Sunday, September 06, 2015

Birthers, "Trumpists" and the Potential Split of the GOP


As often noted on this blog, some years back, the so-called GOP establishment, including George W. Bush and Karl Rove made the short term political calculation to welcome Christofascists and by extension white supremacists into the Republican Party.  Before that time the religious extremists were typically not voted onto local city and county committees which tended to be controlled by moderates and establishment types.  During my last years on the City Committee for the Republican Party of Virginia Beach I saw this change and witnessed a coup whereby the moderate chairwoman was forced out by early forces of the Christofacists/Tea Party with the help of power hungry opportunists.  It's been a steady downward spiral since that time, both locally and nationally.  Now, that short term opportunism is on the brink of splitting the GOP unless the party sells it soul wholly to the forces of religious extremism and white supremacy.  A column in the Washington Post looks at what is happening:
The story line around Donald Trump’s “rise” has got the narrative wrong. It mistakes the man for the movement. While we do need to reckon with what Trump himself means for U.S. politics, we need to reckon even more urgently with what can now be called the “Trumpists,” a solidly right-wing ethno-nationalist voting bloc that has been growing since the mid-1990s.

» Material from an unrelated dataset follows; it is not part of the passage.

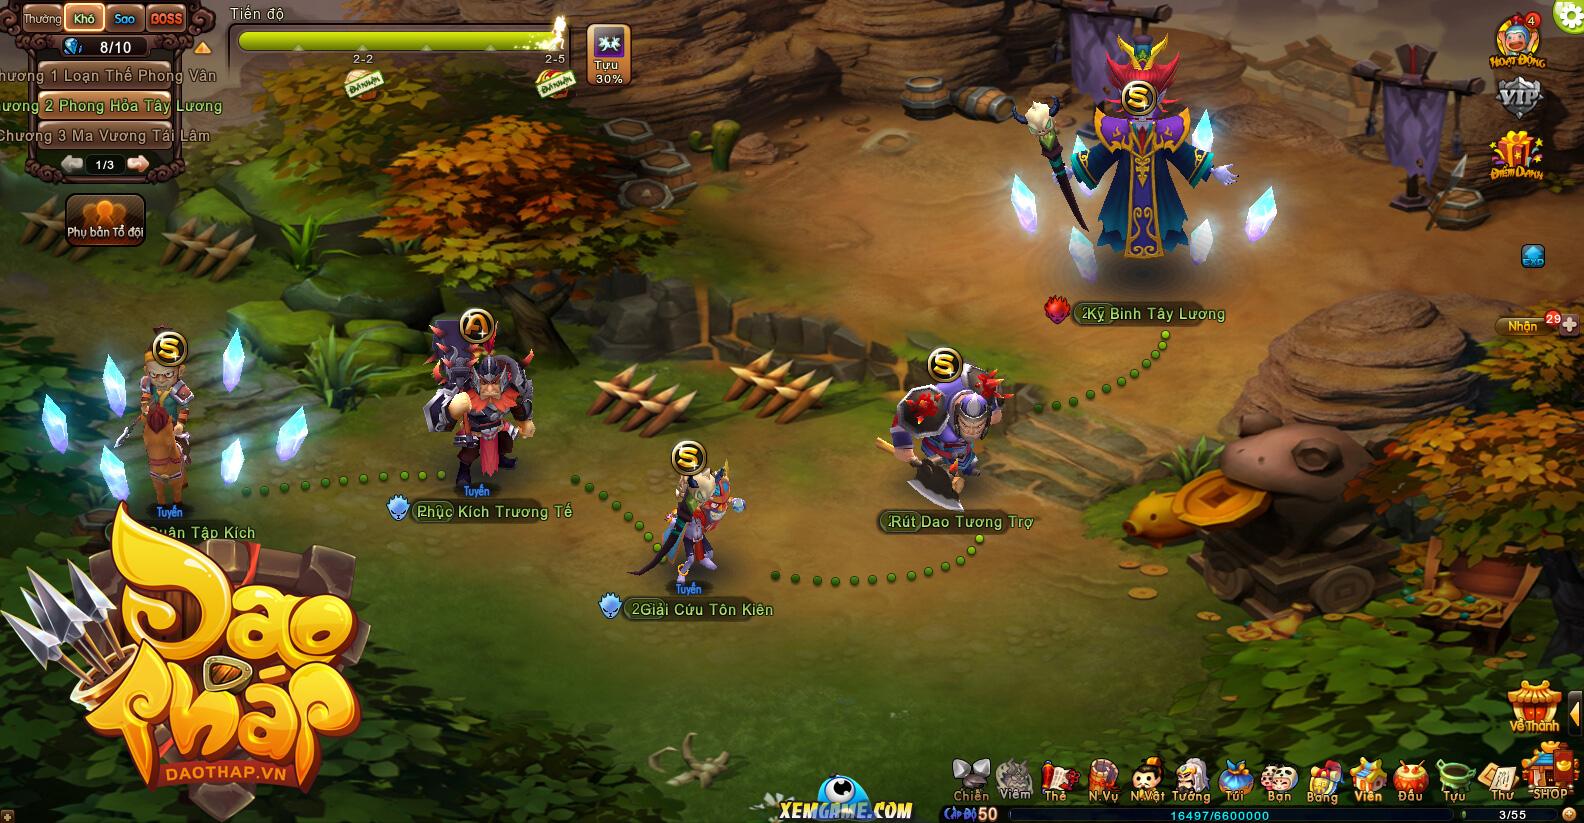 game-dao-thap-online-9.jpg (1584×823)

What points to this story? The numbers capturing the ebb and flow in the belief that Barack Obama is a Muslim and the crisis over the president’s birth certificate. Those are the ones to watch.

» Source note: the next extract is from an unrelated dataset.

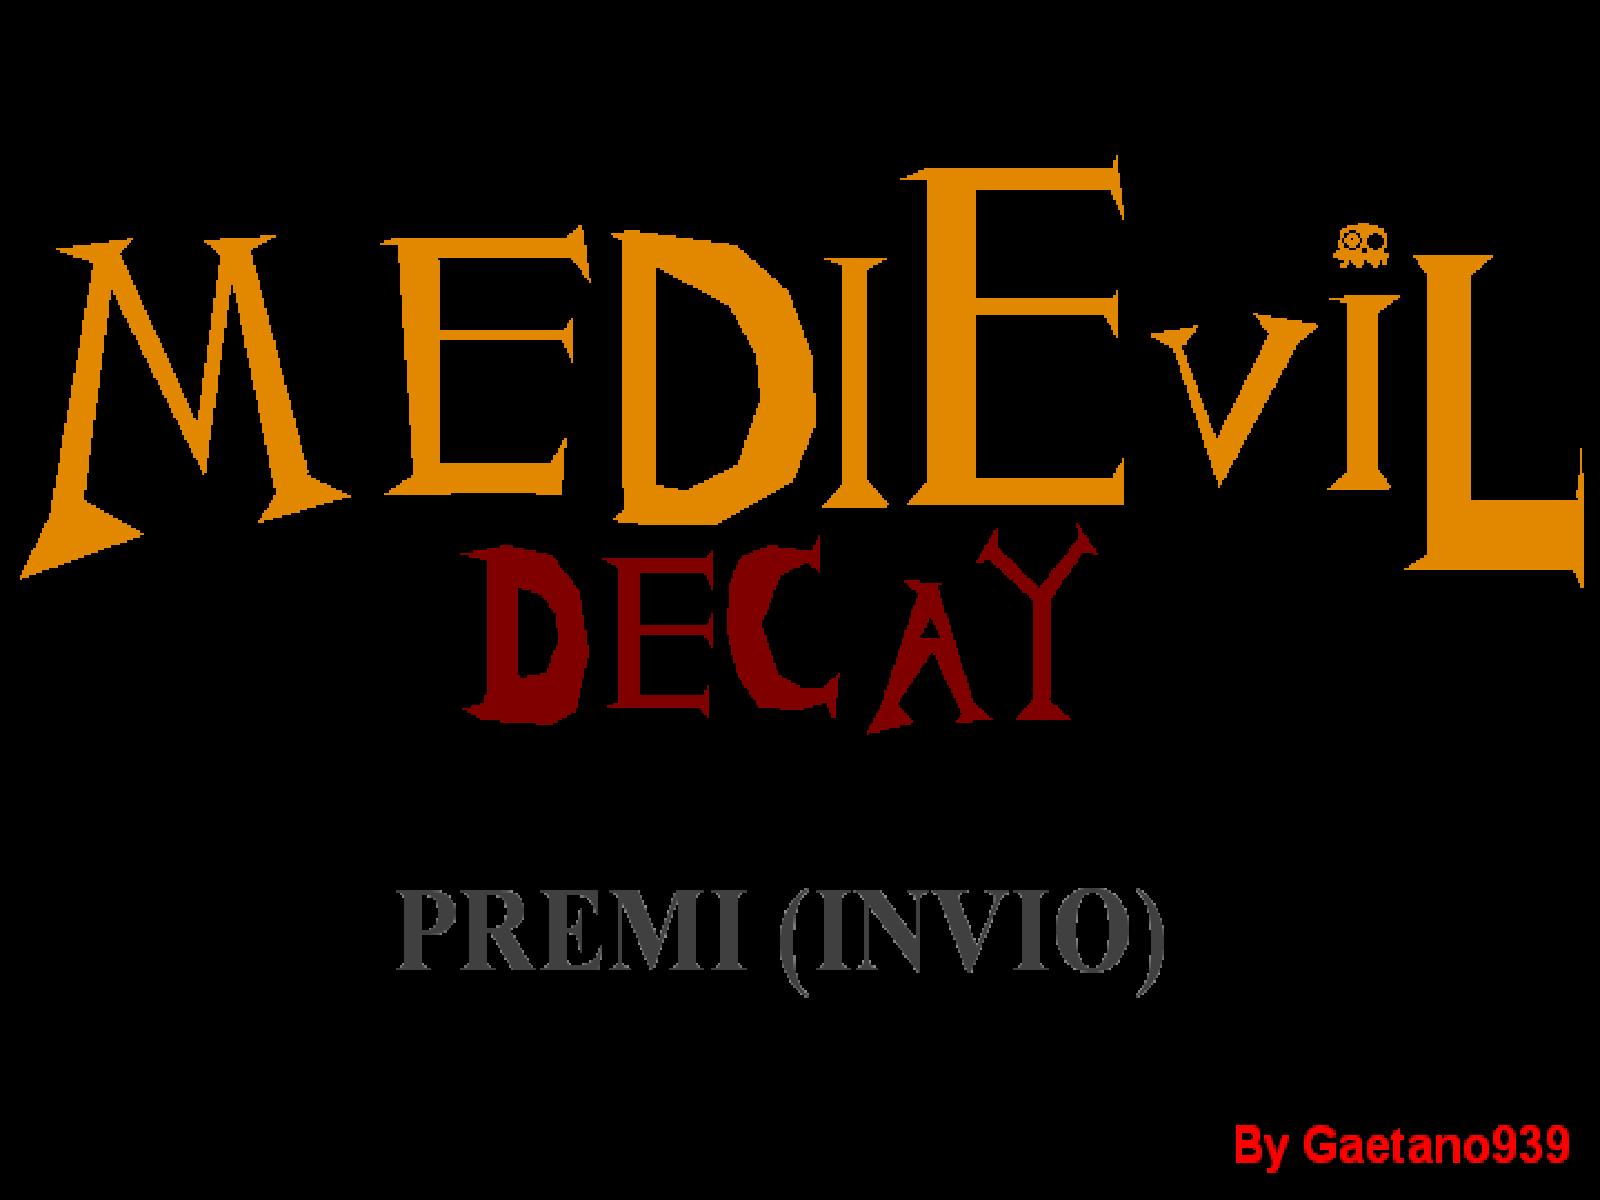 MediEvil Decay

Even after the release of the [Obama's long form] birth certificate, 23 percent of Republicans continued to hold the view that Obama was born overseas. These, I suggest, are your Trump voters. 

Recent polling has in fact confirmed that Trump, a particularly prominent “birther” in 2010 and 2011, is tapping into this constituency. According to Public Policy Polling, 66 percent of his supporters believe Obama is Muslim and 61 percent think he was not born in the United States. 

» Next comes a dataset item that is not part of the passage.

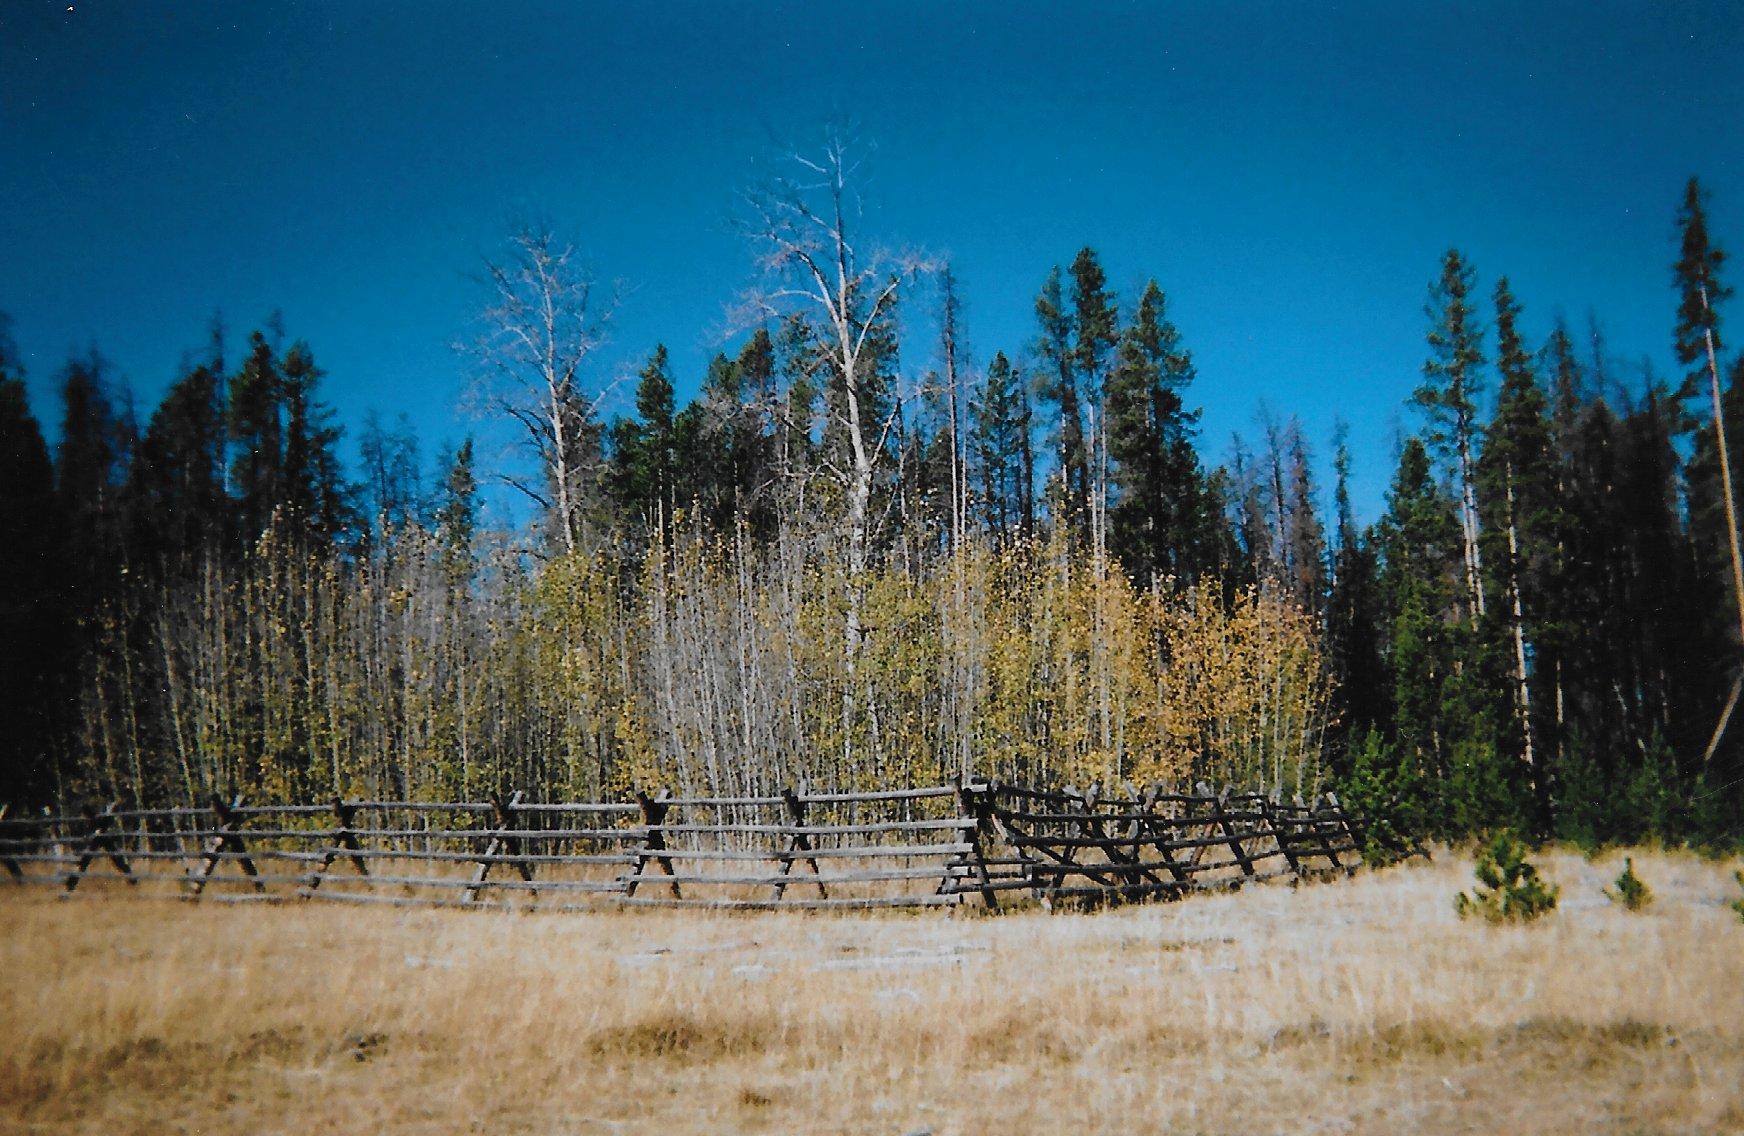 Aspen tree decline in West due to cattle grazing

The Trumpists are our equivalent of Britain’s U.K. Independence Party (UKIP) and France’s National Front, both anti-immigrant, nationalist parties. . . . The critical difference between our nationalist faction and the European ones is that their parliamentary systems register them as “parties,” whereas our two-party model makes it harder to see that what we’re confronting truly is the rise of a new party. Provided, that is, the Republicans don’t sell their souls.

If the Republicans can hang on to the convictions that make them the party of Lincoln, we ought to see the party split. For the good of the country, we should hope for it.

Two larger shifts in our sociopolitical landscape provide the framework necessary for understanding the Trumpists.

First, there is the dramatic movement of the United States toward becoming a majority-minority country, where no ethnic group is in the majority. . . . It is unsurprising that our clear movement in this direction should provoke resistance from those whose well-being, status and self-esteem are connected to historical privileges of “whiteness.”

Second, there is the Internet. Digital communications technologies have plainly enabled geographically dispersed people with niche interests to find one another and form communities.  . . . the first uses of the Internet to build political solidarity among those with fringe political interests emerged on the right. The Drudge Report started in 1994 and Free Republic in 1996.

The real story, then, is not about this or that candidate but about precisely how the realignment of U.S. public opinion away from the two major political parties will shake out and about who or what the major parties will sell down the river while trying to save themselves as the “big tents” they need to be to win elections. And the burning question inside this story is whether our two-party system can survive the digital era. Or, perhaps better, how to ensure that it doesn’t so that we can save our center-right party, the Republicans, for the center.

1 comment:

Stephen said...

If the Republican party was ever "the party of Lincoln," it ceased to be when to secure the White House for Rutherford B. Hayes (the first president who had received a minority of the popular vote), the Republicans agreed to end Reconstruction (Southern strategy I).

OK, Theodore Roosevelt was in some ways a progressive, though also a raving imperialist, but Eisenhower overthrew democratically elected governments of Iran and Guatemala (fallout from both continues!), did not challenge Joe McCarthy, and only with great reluctance enforced the unanimous Supreme Court decision to desegregate schools in the South. Reagan pioneered rejection of "reality-based policy-making" (and with his vice-president committed high crimes in Iran-contragate, as well as cutting taxes while increasing expenditures, not least military ones). Etc.